Photo Essay: The Glass House



The Philip Johnson Glass House site is a sprawling campus of nearly 50 acres tucked away in New Canaan, CT, featuring the namesake glass house, as well as several other buildings and landscape features.

It opened to the public in 2007, two years after the death of modern architect Philip Johnson, whose work includes the New York State Pavilion in Flushing-Meadows Corona Park.

In the years since it's opened, it has required a real hustle to get tickets to the limited tours, but thanks to some swift action by Edith this year, we managed to nab three tickets.


gate

 
one of The Glass House's four side doors


interior Glass House bedroom and bathroom


exterior Glass House pool, whose conical design makes it impossible to stand up anywhere in it except one spot


The Brick House, facing the Glass House (currently closed for renovations and repairs)

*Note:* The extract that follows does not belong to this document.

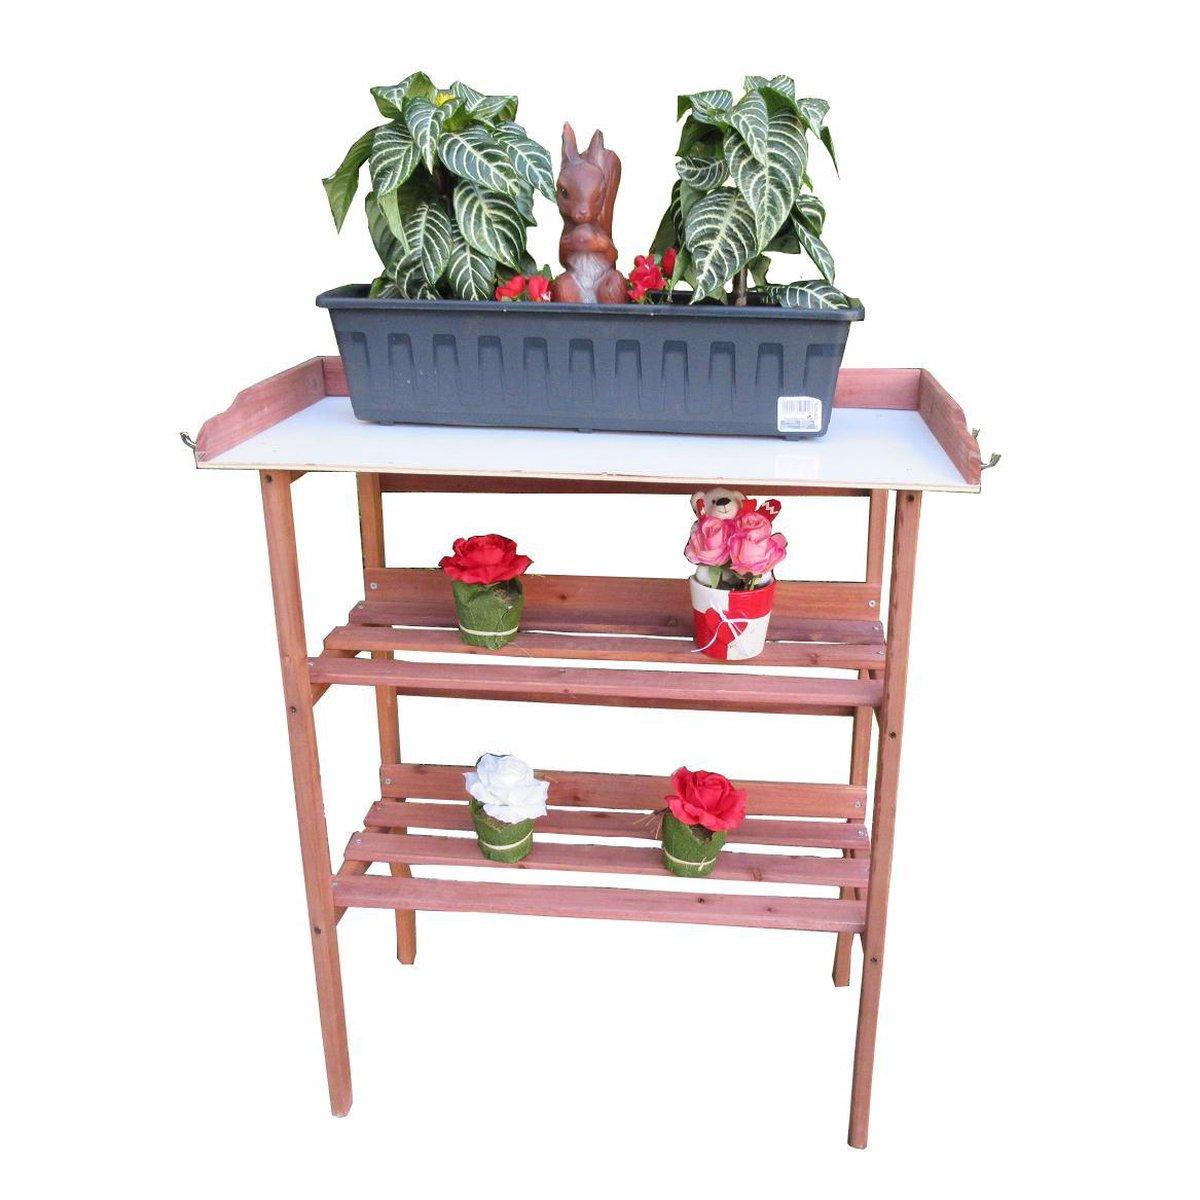 MaxxGarden Oppottafel - plantentafel - tuinwerktafel 80x40x86cm + GRATIS toebehorenset

The Brick House rear w/porthole windows and skylights visible




Painting Gallery


Sculpture Gallery


Sculpture Gallery interiors


Sculpture Gallery interior


Interior "Da Monsta" (visitor pavilion)

There's a lot to see on the huge property, and even though we spent hours meandering on a docent-led tour, we didn't get to see everything. I would have loved to climb down to the pond and explore its pavilion, and to see the Glass House from below. But as it was, I feel like we got a treat with our visit, and a rare glimpse into the very personal life of an architect whose work I admire, and whose home was a living, evolving example of his own work - and still looks modern today.